# huntworth snow camo not worth the money even though it is cheap



## Benbibler (Nov 19, 2011)

I bought a set of this from *[Excuse my language.... I have a limited vocabulary]*'s Sporting Goods. It seemed like a good deal Around Sixty bucks for bibs and a coat. I wore the coat twice and washed it once exactly to label instructions. The inside liner became torn at a few of the seems. Then I noticed that there are loose threads all over and the zipper is starting to become detached at the bottom. I bought it early, more than 30 days before I used it, so Dicks wouldn't refund the money.


----------



## youngdon (Mar 10, 2010)

I'd be having a word (kindly) with the store manager and if he didn't help I'd be looking up huntworths website and dropping them a line. You may end up right where you are but at least you'll have tried all the avenues.


----------



## hassell (Feb 9, 2010)

Benbibler said:


> I bought a set of this from *[Excuse my language.... I have a limited vocabulary]*'s Sporting Goods. It seemed like a good deal Around Sixty bucks for bibs and a coat. I wore the coat twice and washed it once exactly to label instructions. The inside liner became torn at a few of the seems. Then I noticed that there are loose threads all over and the zipper is starting to become detached at the bottom.
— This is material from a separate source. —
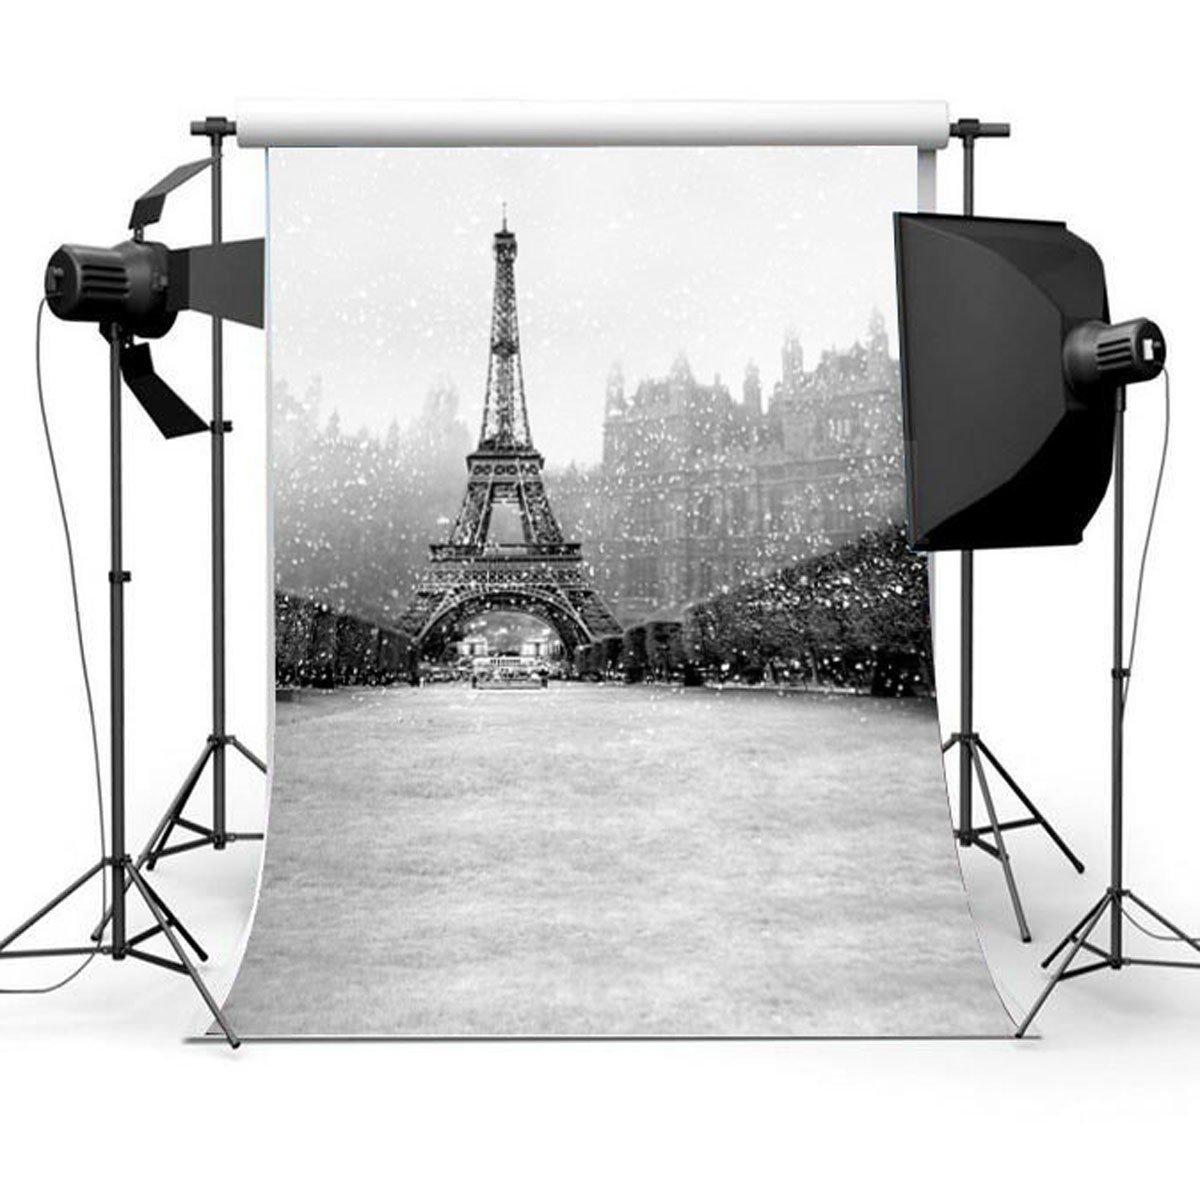 3x5FT Snow Eiffel Tower Photography Backdrops Studio Photo Background Vinyl Landscape

I bought it early, more than 30 days before I used it, so Dicks wouldn't refund the money.


If I want to do the white camo thing I'll grab set of painter coveralls from the hardware store for $5.00 and get a dozen or more outings with them.


----------



## bones44 (Jan 7, 2011)

Hey Ben, I bought the lightweight Huntsworth. It's made decently but man is it noisy in the cold ! I threw it in the bottom of the closet with all the other worthless crap I need to get rid of.


----------



## Benbibler (Nov 19, 2011)

bones44 said:


> Hey Ben, I bought the lightweight Huntsworth. It's made decently but man is it noisy in the cold ! I threw it in the bottom of the closet with all the other worthless crap I need to get rid of.


You must have got one made on Tuesday. Mine was sewn at the end of an eighty-hour work week before the Chinese new year.


----------



## knapper (Feb 5, 2010)

Check out the over whites that can be bought at different places and Cabelas has camo netting that you can use as a blind or cover yourself with. Be sure someone is taping this so it can be put on youtube. I have been using ponchos and have several for the different amount of snow in the trees and in the open areas. You can put a lot of warm cloths under the poncho as well.


----------



## youngdon (Mar 10, 2010)

bones44 said:


> Hey Ben, I bought the lightweight Huntsworth. It's made decently but man is it noisy in the cold ! I threw it in the bottom of the closet with all the other worthless crap I need to get rid of.


Maybe after Bens looses all the threads and the zipper his will be a lightweight model also.


----------